Below are some records. Retype exactly the lines from the one containing "Bedrijfsconcept, de structuur" through the one containing "Familia de refugiados", both included, skipping every picture.

• Records shown
>>>>

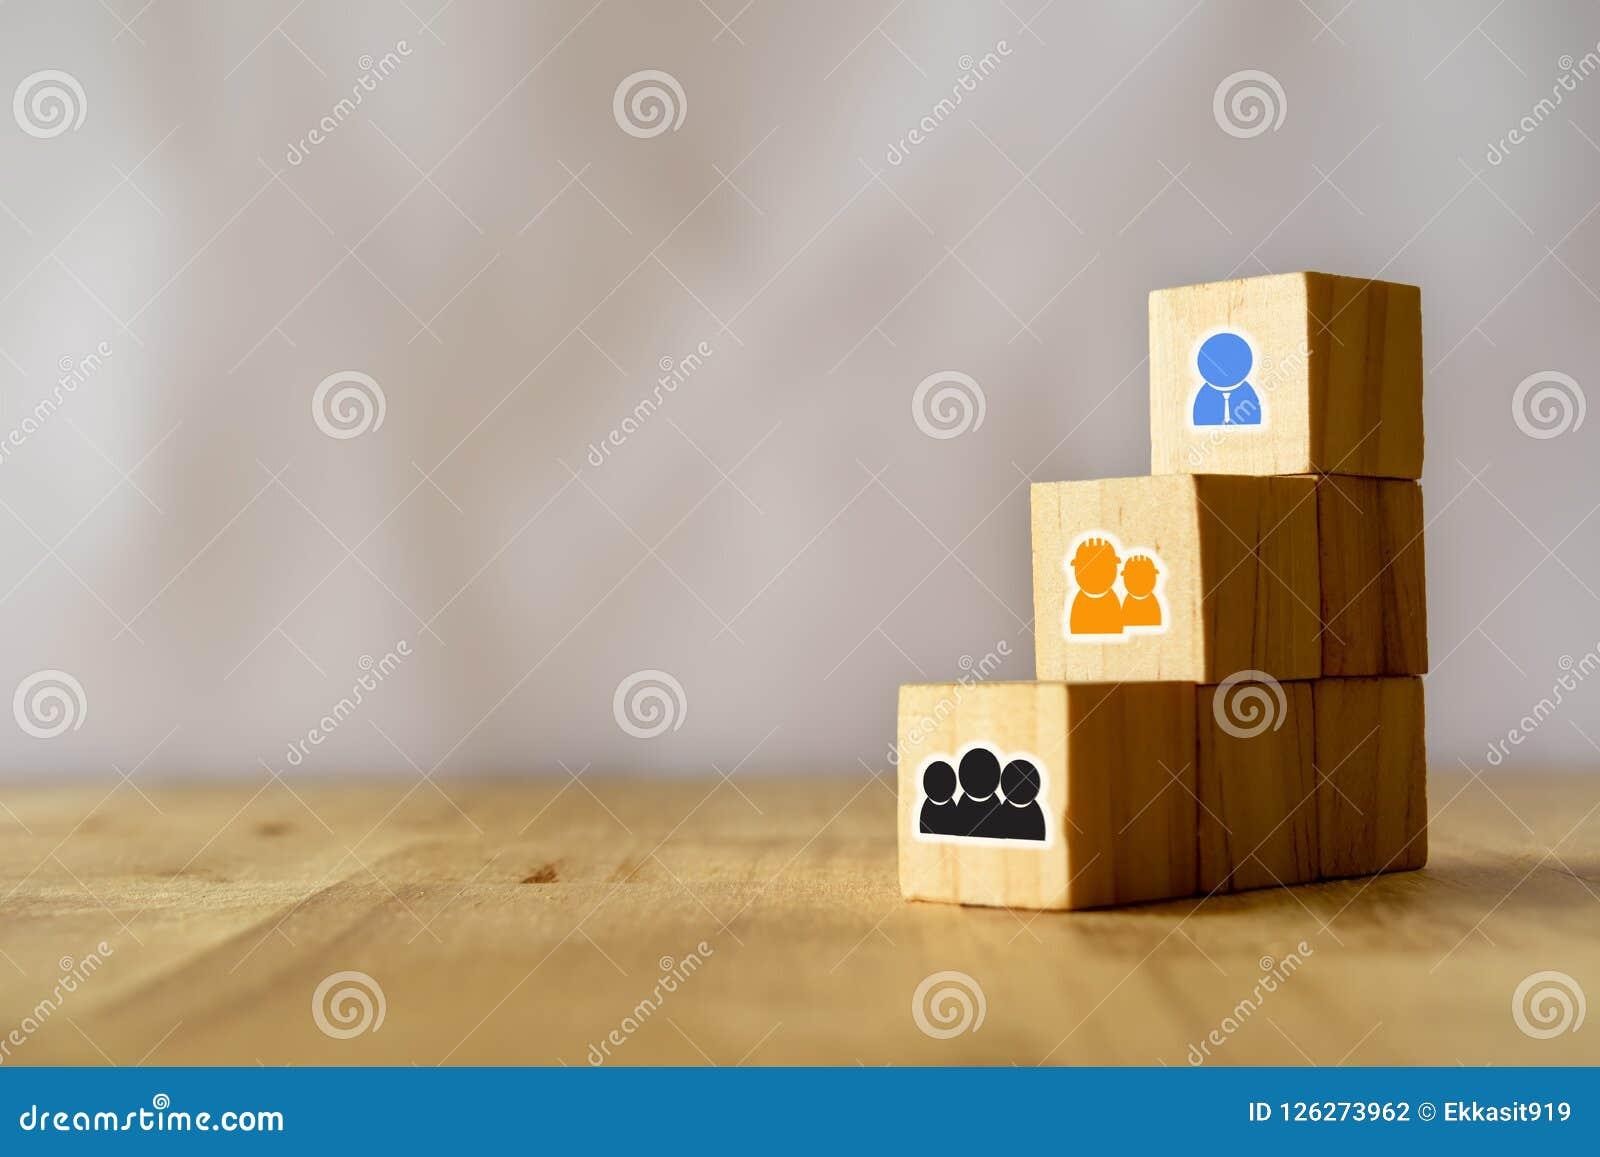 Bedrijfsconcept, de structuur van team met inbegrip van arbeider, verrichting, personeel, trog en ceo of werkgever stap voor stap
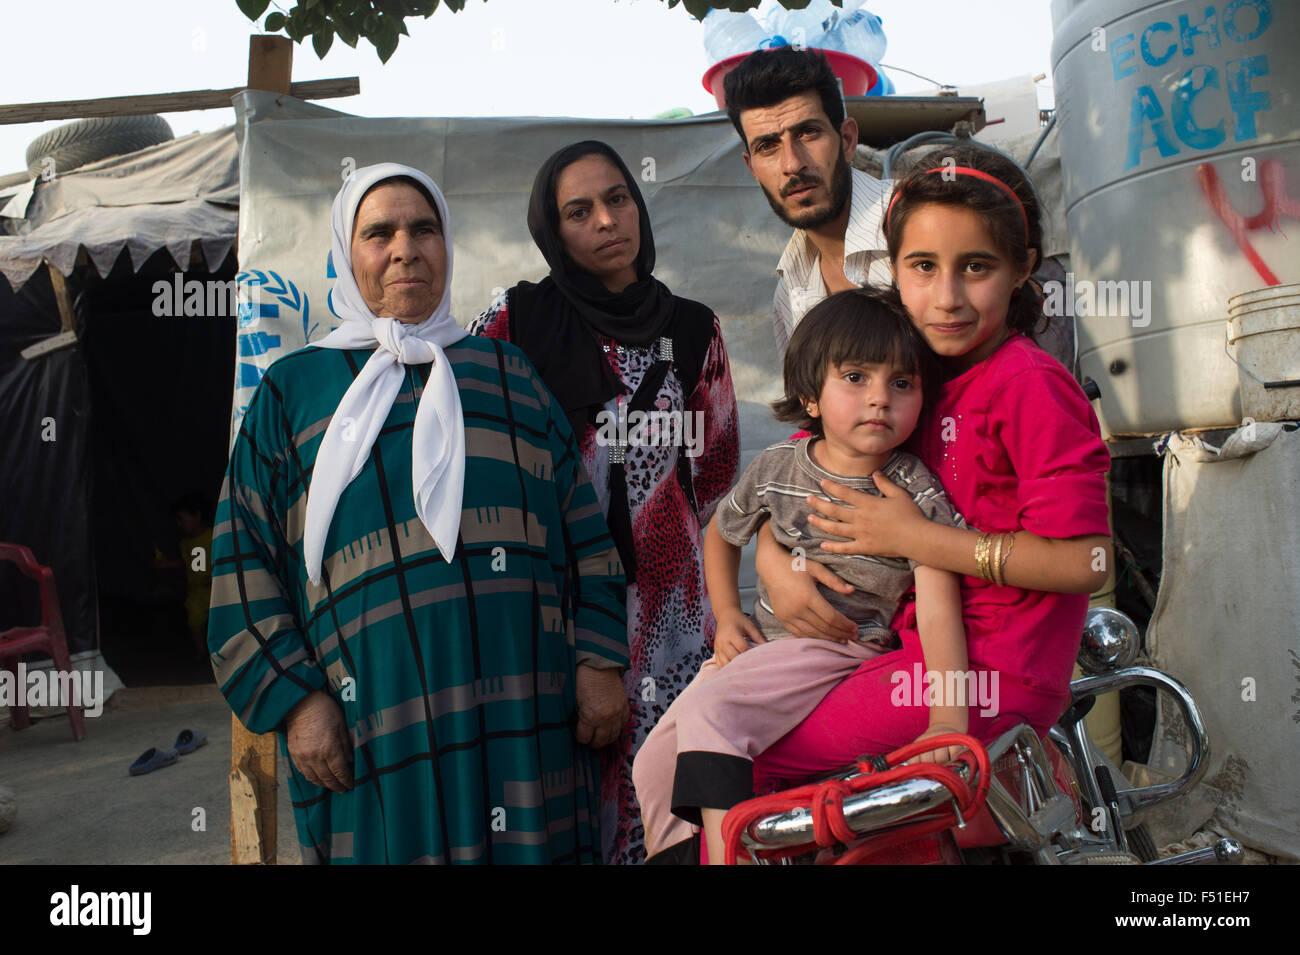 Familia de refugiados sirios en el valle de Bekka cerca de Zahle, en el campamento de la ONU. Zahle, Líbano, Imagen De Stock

<<<<
>>>>

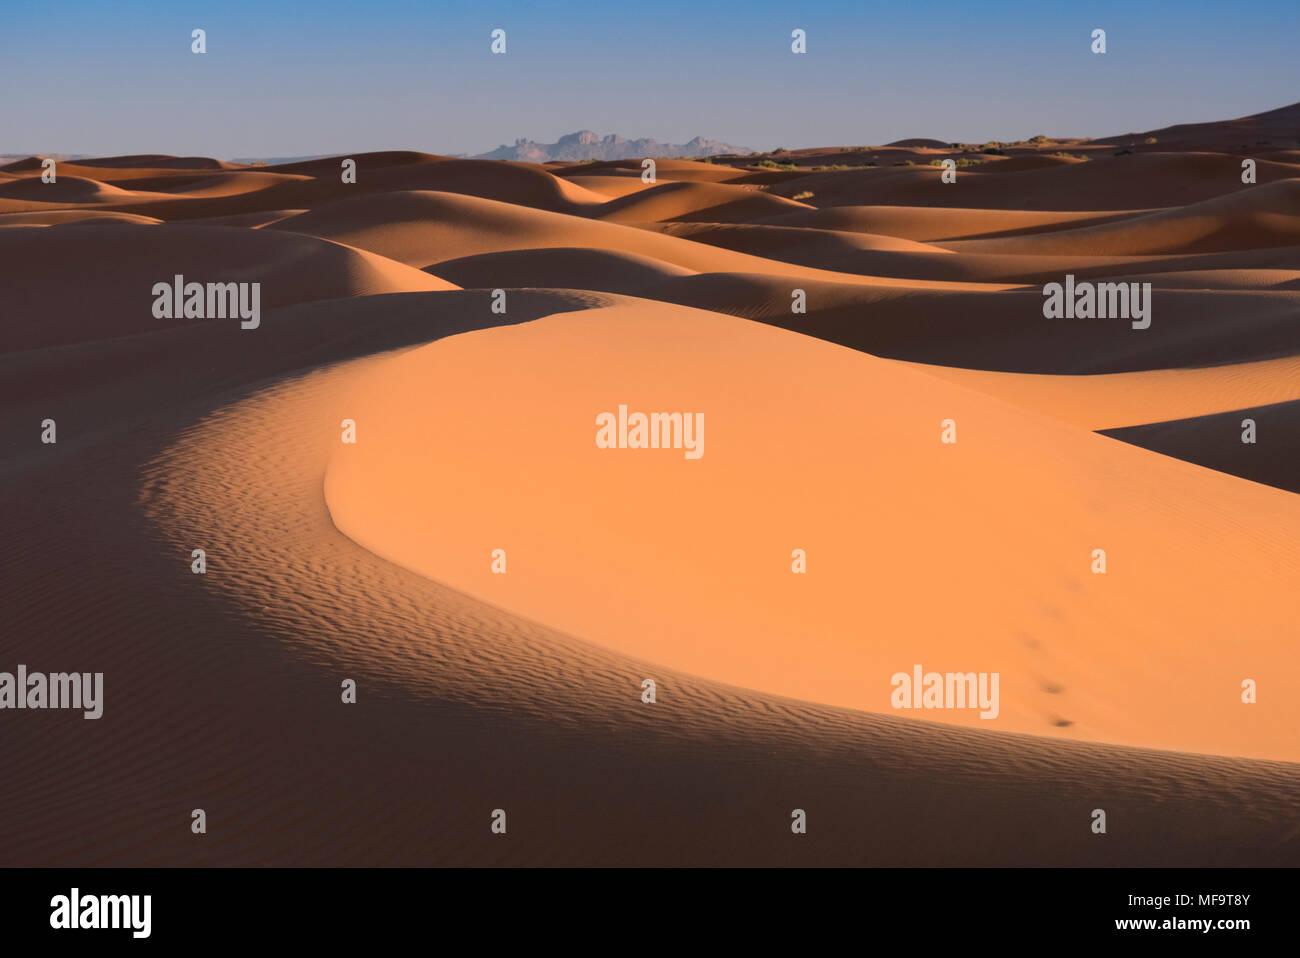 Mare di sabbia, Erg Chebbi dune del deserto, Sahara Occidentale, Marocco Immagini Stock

<<<<
>>>>

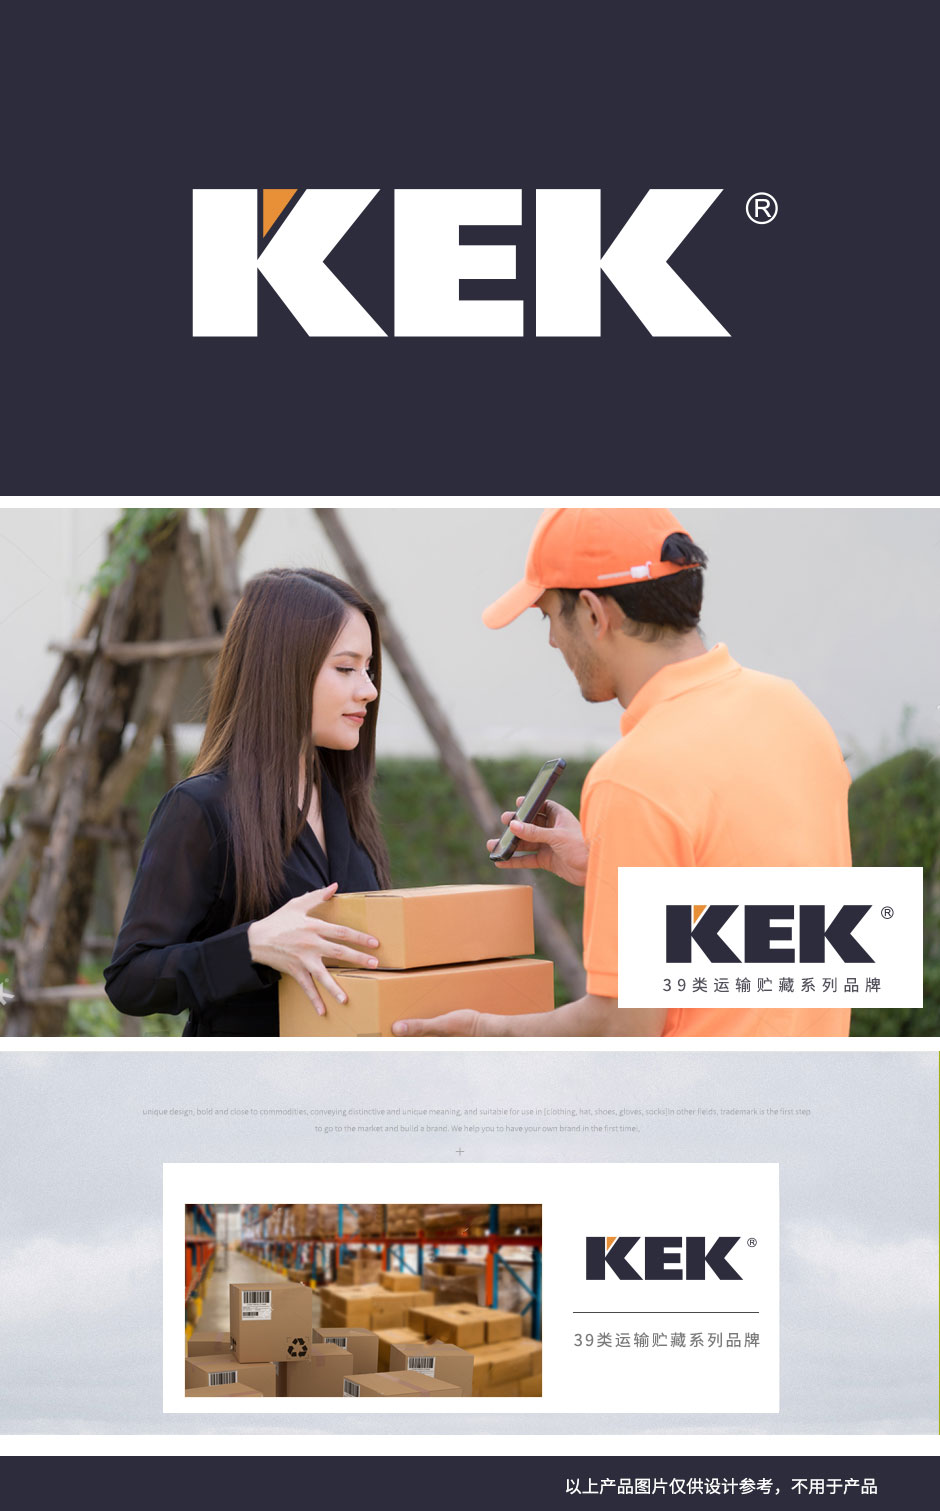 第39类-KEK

<<<<

• Task result
 Bedrijfsconcept, de structuur van team met inbegrip van arbeider, verrichting, personeel, trog en ceo of werkgever stap voor stap
 Familia de refugiados sirios en el valle de Bekka cerca de Zahle, en el campamento de la ONU. Zahle, Líbano, Imagen De Stock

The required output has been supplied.